The updated sigma mutation (σ') is made from the previous sigma (σ):

σ' = σ x e((τ' • N(0,1))+ (τ •Ni(0,1))), (5)

where:

σ′ corresponds to the updated sigma,

σ corresponds to the previous sigma.

The exponent is calculated using the product of a random value (N i ) with a range between zero and one multiplied by τ (tau) added to the product of another random number (N) by τ ' (tau prime) as exponent of e.

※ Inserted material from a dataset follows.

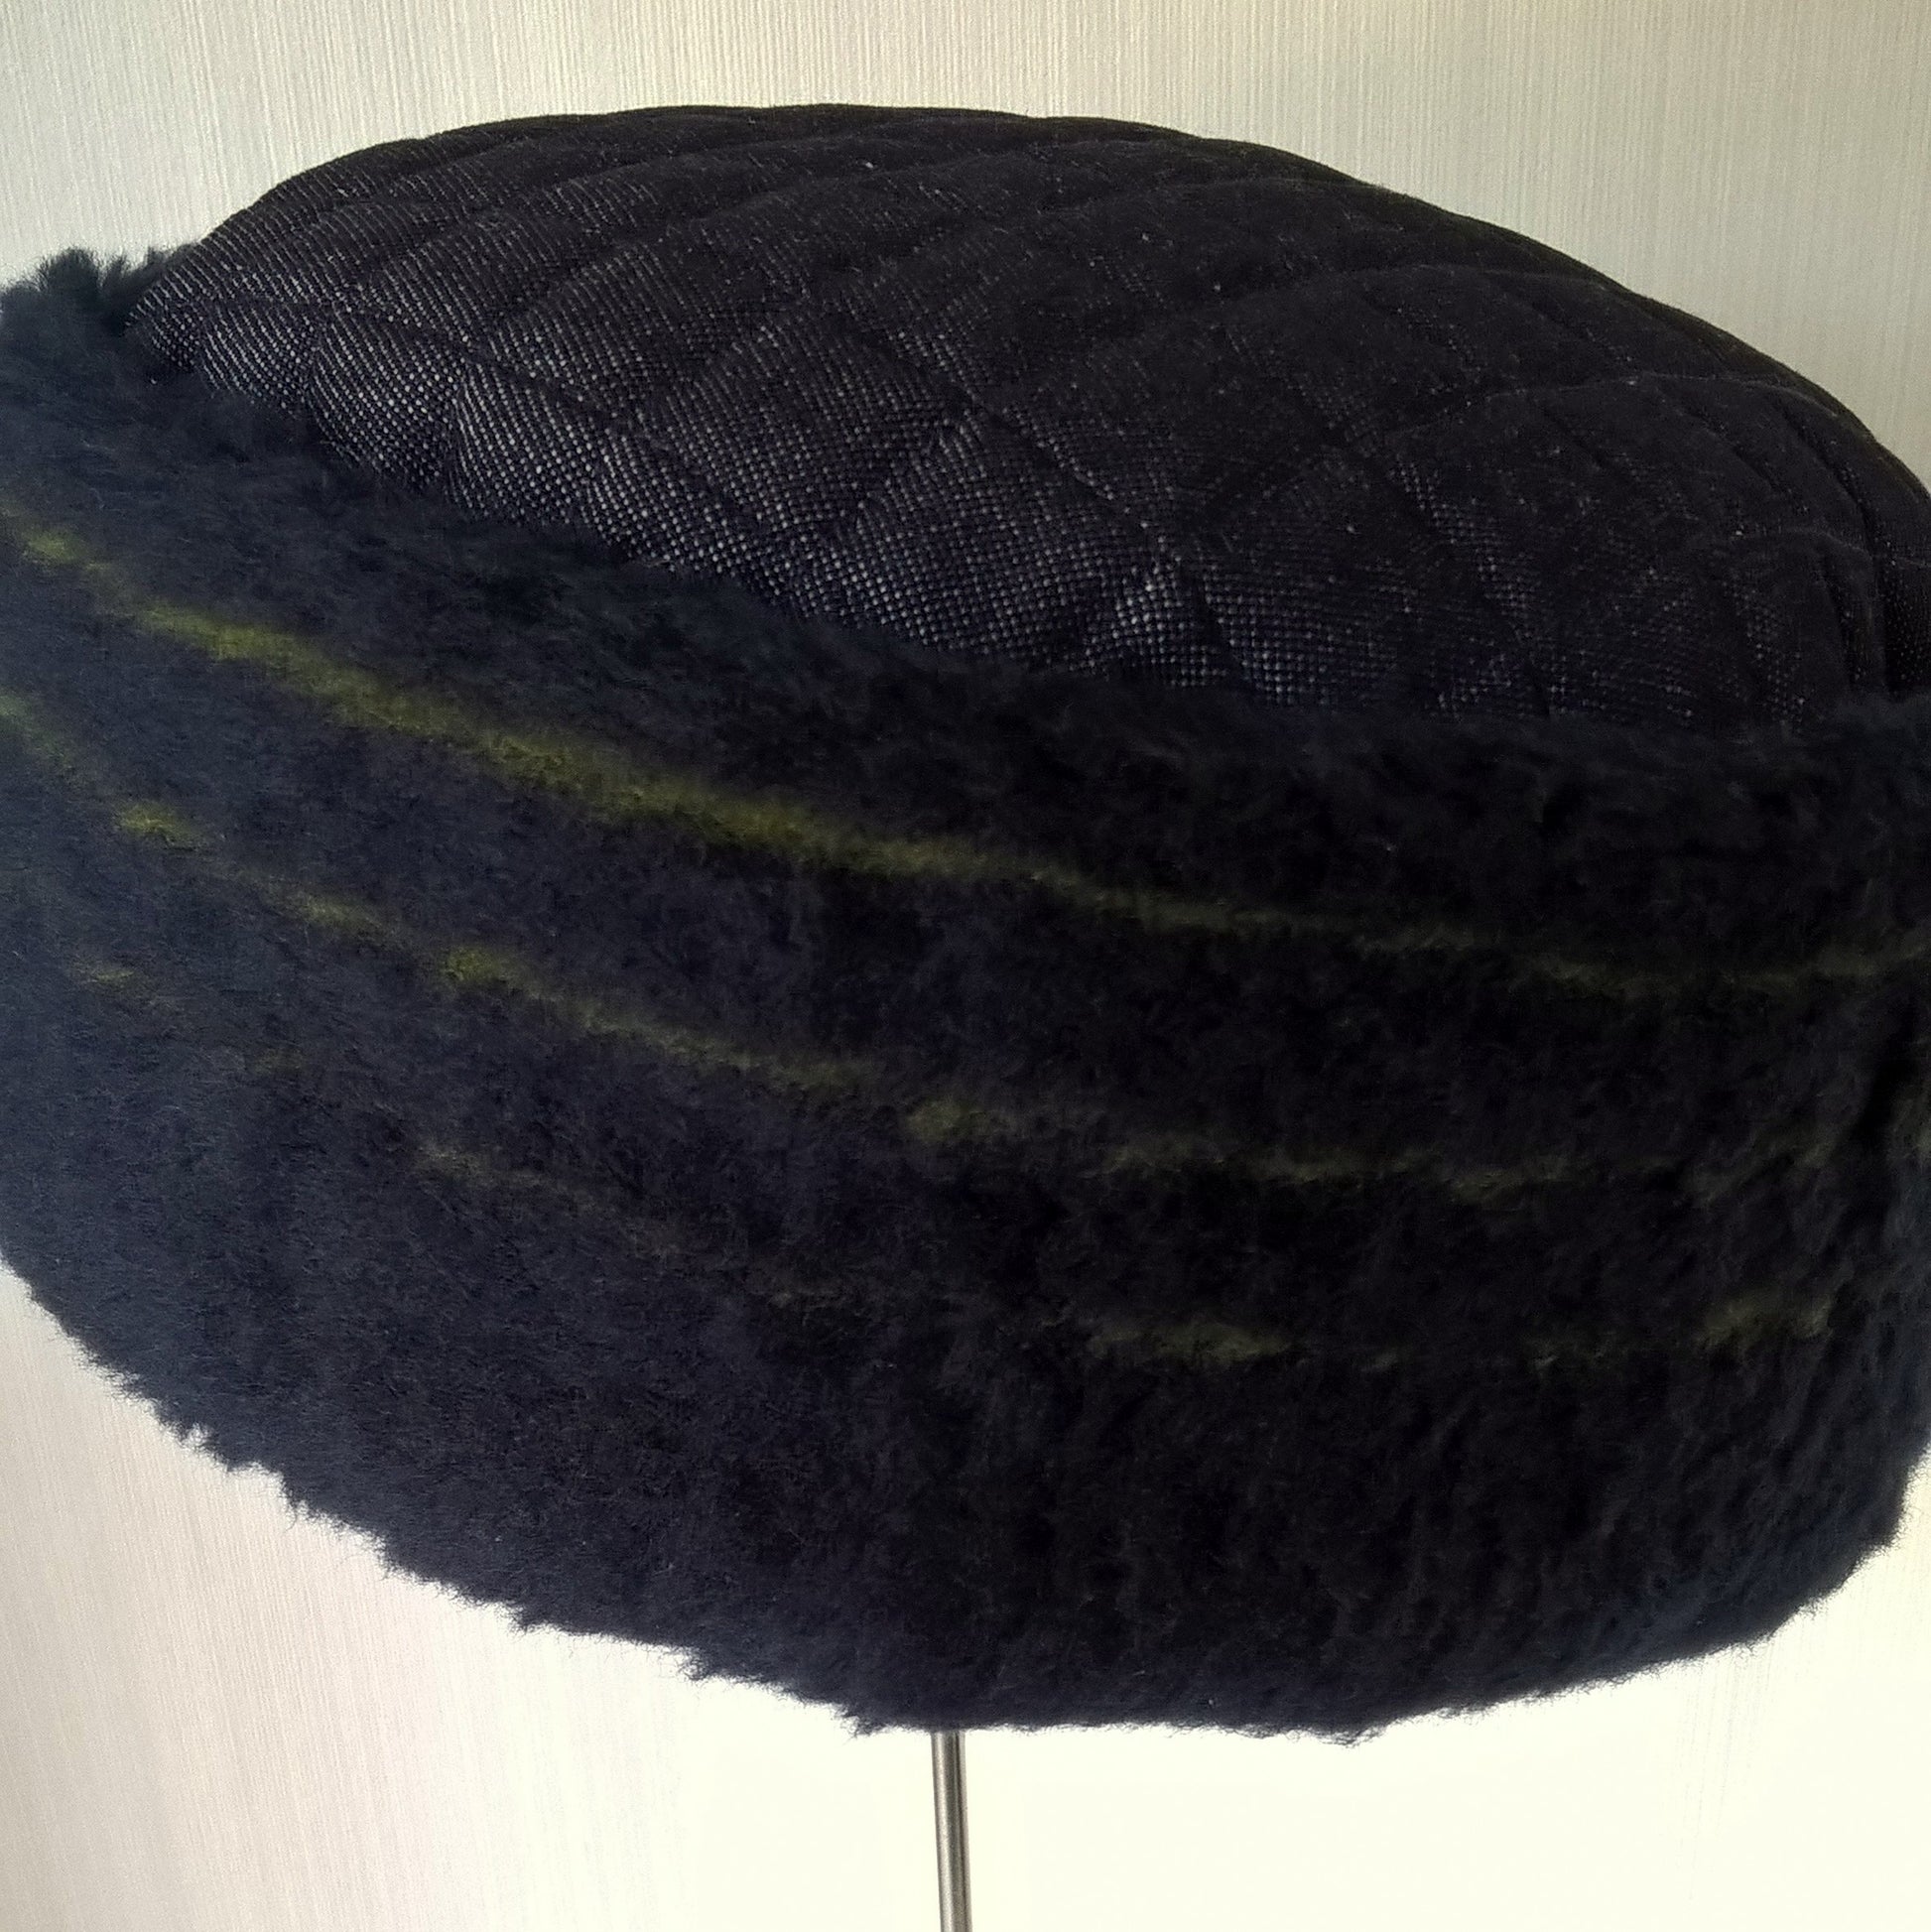 This brimless hat has a plush wool fur crown

Once calculated σ' we proceed to compute x' from the current x of the genome of the individual, where x represents a position of the vector containing the elements forming the addition chain. The probability of mutation of x is determined by the initial probability of mutation (MUT_PROB) and a random value between 0 and 100 (Mutate) that is calculated for each x, following equation 1. The x' value will be the element of the addition chain of the child H1 from which the chain begins to mutate. Due to the particular characteristics of the generation of the addition chains it is not possible to use a standard mutation for an ES, whereby the calculation of the modified chain is made from the mutated element and the later ones are calculated based on this element. Initially a random type variable (with a value between 0 and 7000) is calculated. Next, the type value is used to determine the type of addition chain to be proposed for the CM element (Mutated Chain), with three possible cases:

  1. Generate CM with H1k-1 + H1k-1,

  2. Generate CM with H1k-1 + H1k-2,

  3. Generate CM with H1k-1 + H1rand,

where:

CM is the current element to be calculated from the chain:

H1k-1 is the previous element of the son's chain1,

H1rand is any element less than k in the chain of the child H1.

The intervals of type privilege the first case over the others and privileges the second over the third, since a random value between 0 and 7000 for type are calculated as follows:

  1. if 0 < type < 5000 then CM = H1k-1 + H1k-1,

  2. if 5001 < type < 6500 then CM = H1k-1 + H1k-2,

  3. if 6501 < type < 7000 then CM = H1k-1 + H1rand.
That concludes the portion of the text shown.